Role Overview
We are looking for experienced Data Engineers with strong expertise in Python, PySpark, and Databricks to support enterprise-scale data ingestion and processing platforms. The ideal candidate should have hands-on experience building scalable data pipelines, orchestration frameworks, and cloud-based data solutions using modern Lakehouse architectures.
The role will primarily focus on:
- Ingest Factory
- Data Processing Factory
- Data Pipeline Orchestration
- Databricks-based ETL/ELT Solutions
Key Responsibilities
- Design, develop, and optimize scalable data ingestion and processing pipelines.
- Build and maintain ETL/ELT workflows using Python, PySpark, and Databricks.
- Develop orchestration workflows using LakeFlow, Jobs, Tasks, and Declarative Pipelines.
- Implement reusable frameworks, metadata-driven orchestration, and automation patterns.
- Ensure data quality, monitoring, alerting, and lineage across data pipelines.
- Collaborate with business and technical teams to understand data requirements and solution design.
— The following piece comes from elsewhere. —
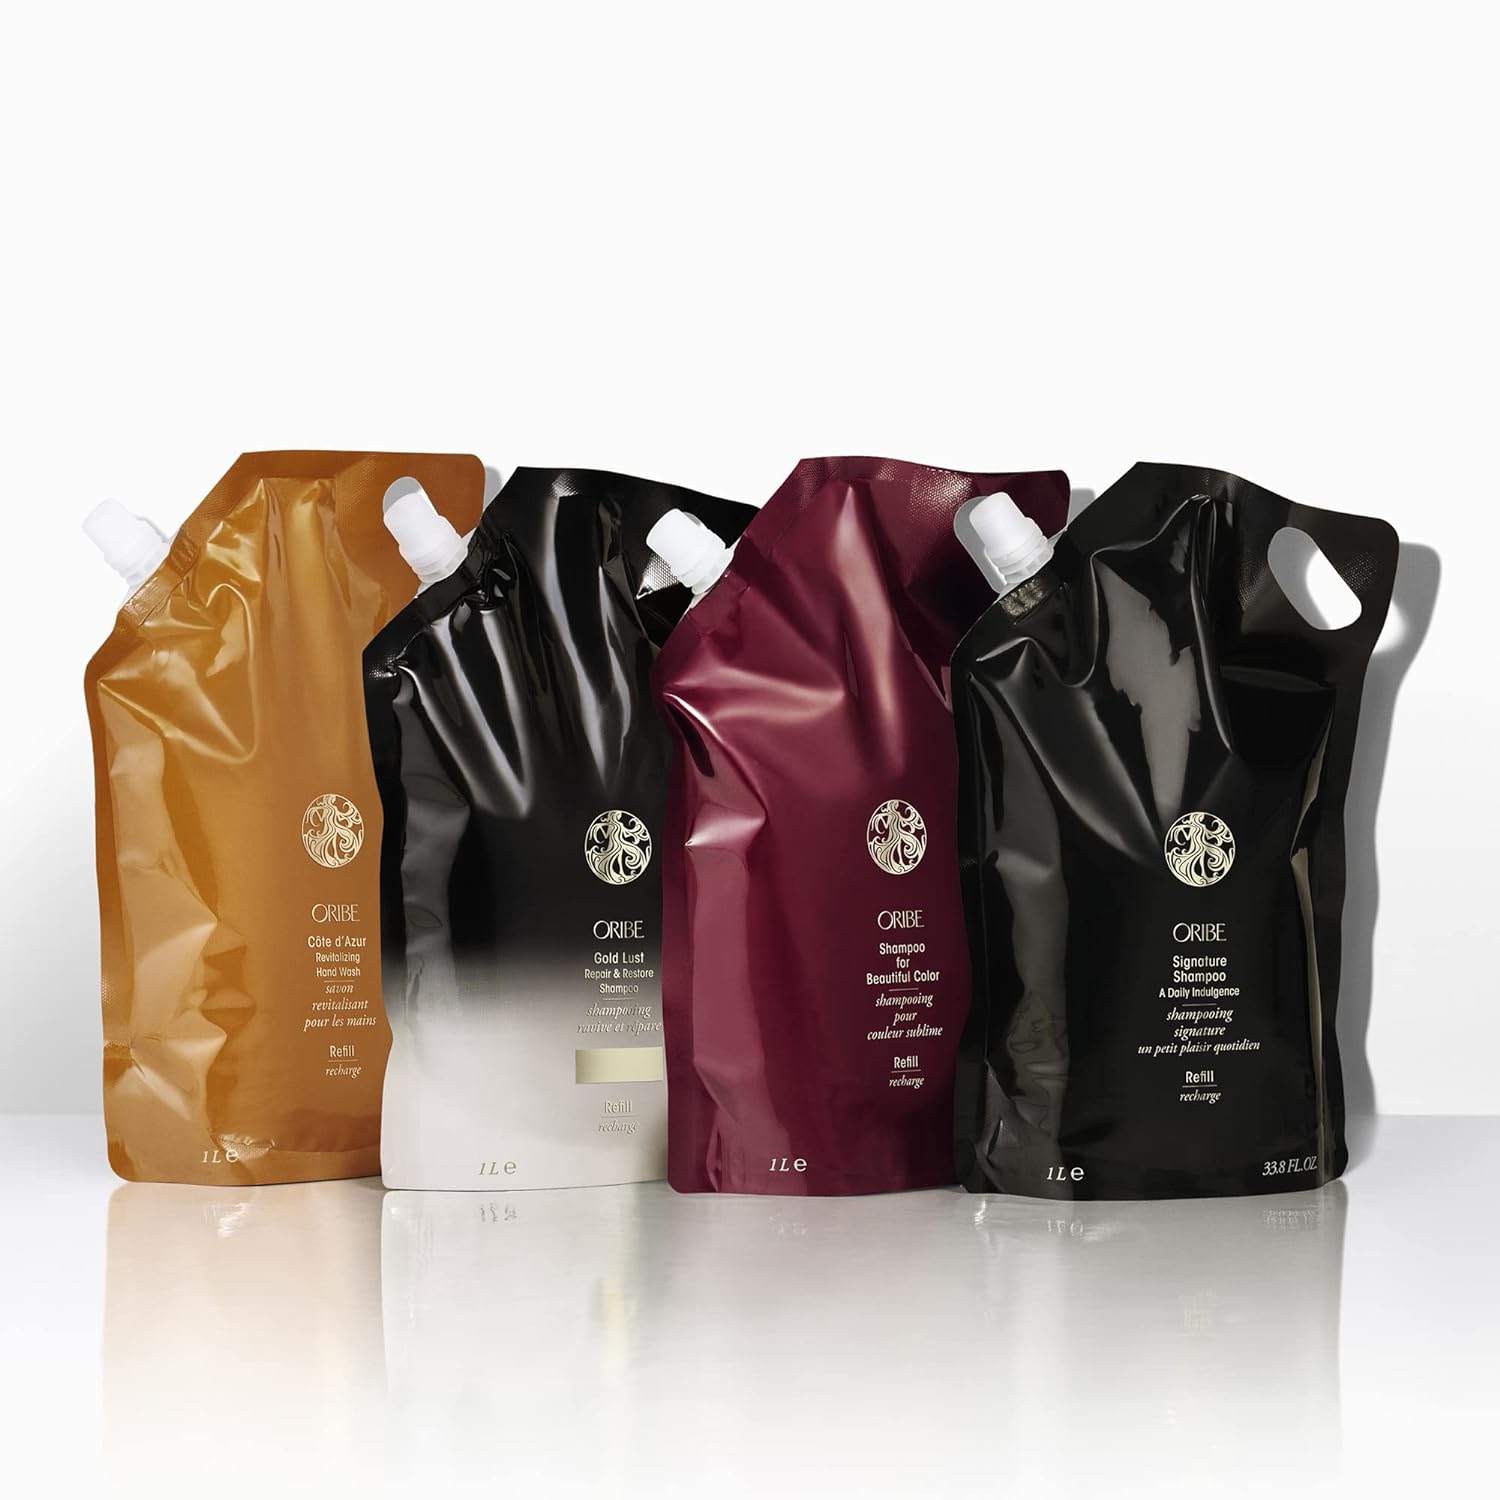 Buy ORIBE Signature Shampoo and Conditioner Liter Refill Bundle on Amazon.com ? FREE SHIPPING on qualified orders

- Participate in Agile/SCRUM ceremonies, code reviews, and deployment activities.
- Optimize Spark workloads, SQL queries, and compute performance within Databricks.
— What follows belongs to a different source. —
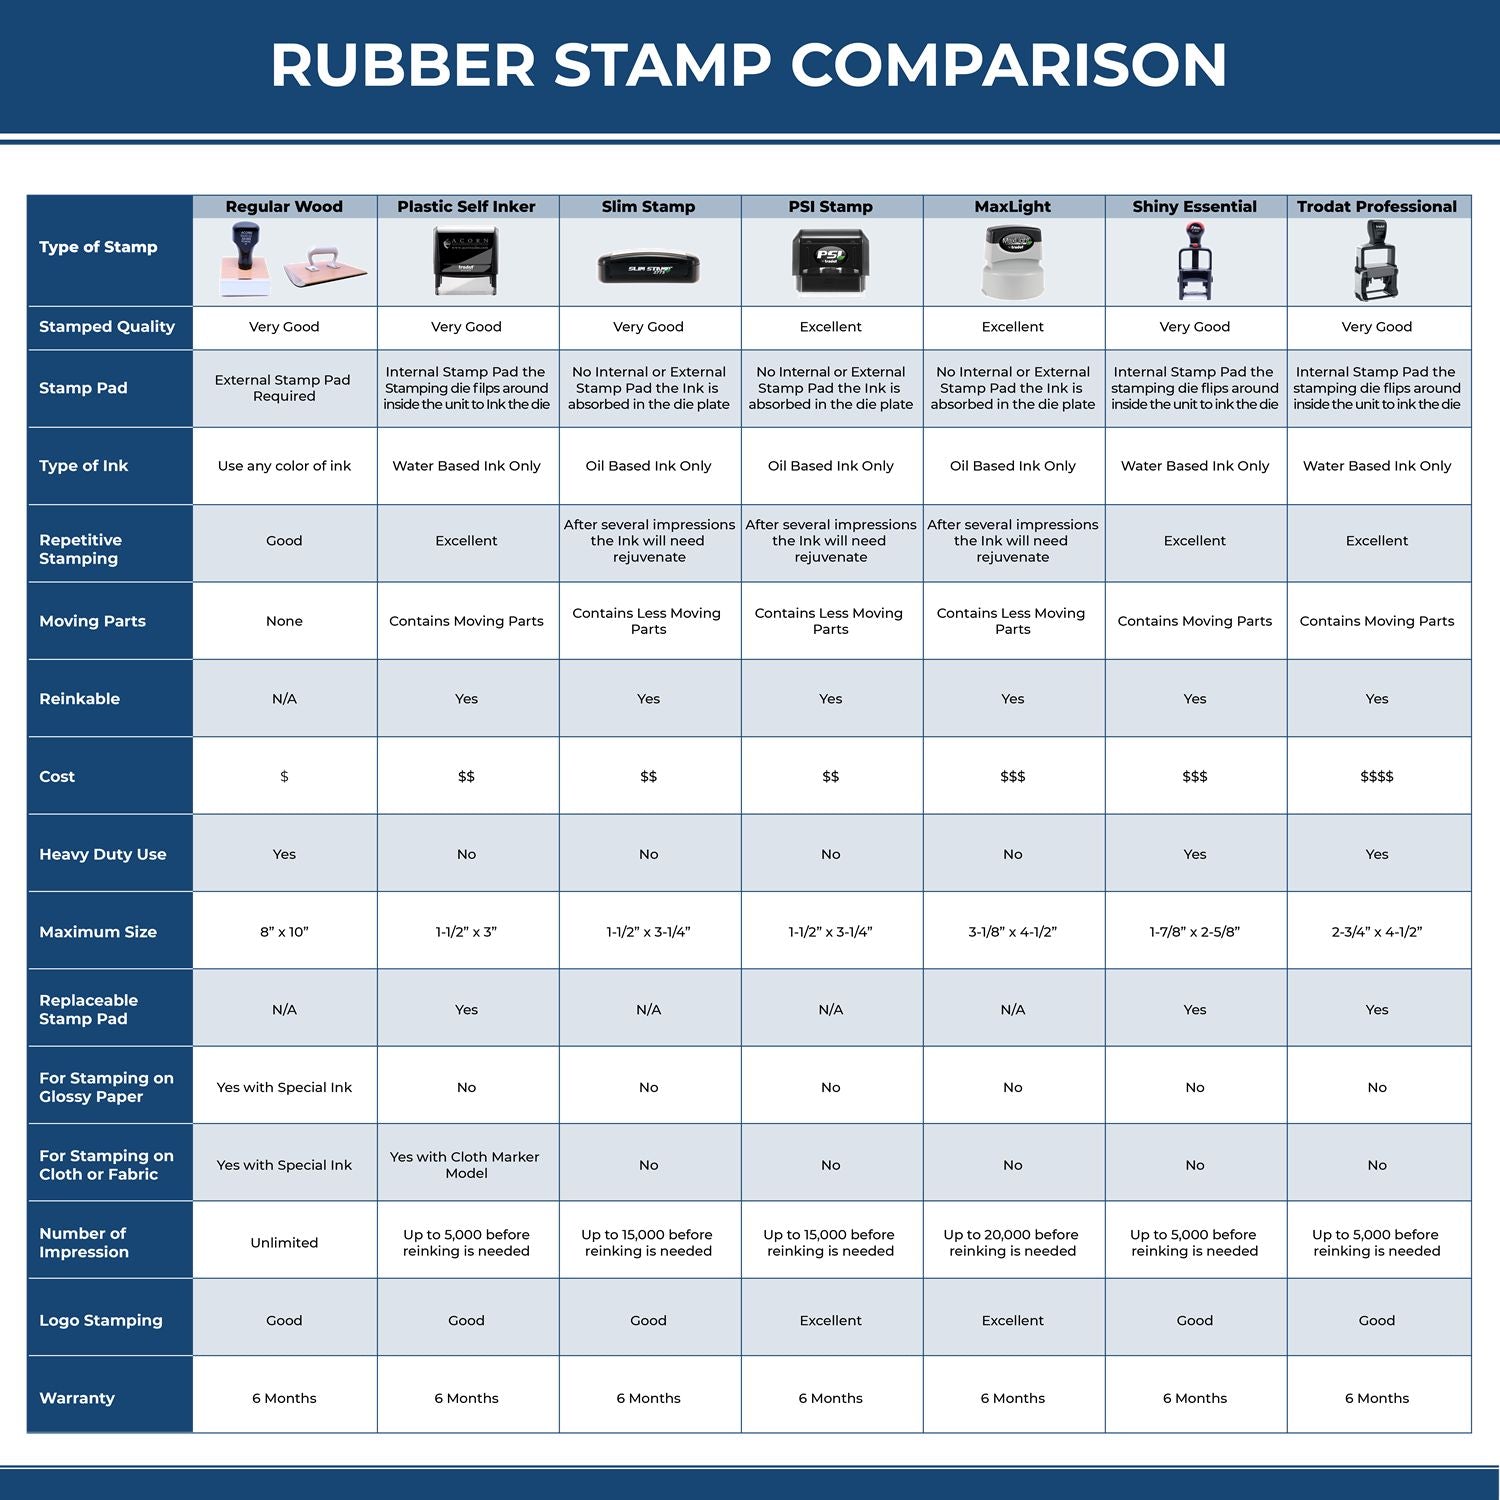 Large Self Inking Return Receipt Requested Stamp 4151S Rubber Stamp Comparison

- Support CI/CD and Infrastructure-as-Code practices using Git and Terraform.
Required Technical SkillsCore Technologies
- Python
- PySpark
- Databricks
- SQL
- Spark
- Git & CI/CD
- Terraform
Detailed Skill RequirementsDatabricks Expertise
- Strong hands-on experience with:
- Databricks Notebooks
- Jobs & Workload Optimization
- Connectors & Data Acquisition
- LakeFlow Orchestration
- Declarative Pipelines
- Delta Lake
- Experience implementing:
- Data lineage
- Monitoring & alerting frameworks
- Data quality checks
- Data product concepts
Python & PySpark
- Strong understanding of distributed processing using Spark.
- Good knowledge of Python coding standards and package management.
- Ability to differentiate single-node vs distributed Spark execution patterns.
- Experience building scalable PySpark transformations and frameworks.
Data Engineering & Data Literacy
- Strong understanding of:
- Lakehouse and Data Warehouse architectures
- ETL/ELT patterns
- Source system integration patterns
- Data models and schema design
- Experience with data quality validation and monitoring practices.
Software Engineering Practices
- Strong understanding of:
- SOLID principles
- DRY principles
- Reusable framework design
- Metadata-driven orchestration
- Experience with:
- Agile/SCRUM methodologies
- Git workflows and pull requests
- Unit, integration, and end-to-end testing
- VS Code / Cursor IDE tools
Spark & SQL Optimization
- Experience troubleshooting distributed Spark workloads.
- Expertise in:
- Query optimization
- Join optimization
- Compute and table performance tuning
- Efficient filtering and workload reduction strategies
DevOps & Automation
- Hands-on experience with:
- CI/CD pipelines
- Git version control
- Terraform Infrastructure-as-Code (IaC)
- Deployment automation practices
Required Experience
- 5+ years of experience in Cloud Data Engineering.
- Proven experience designing and building production-grade data platforms.
- Experience working independently and collaboratively within Agile teams.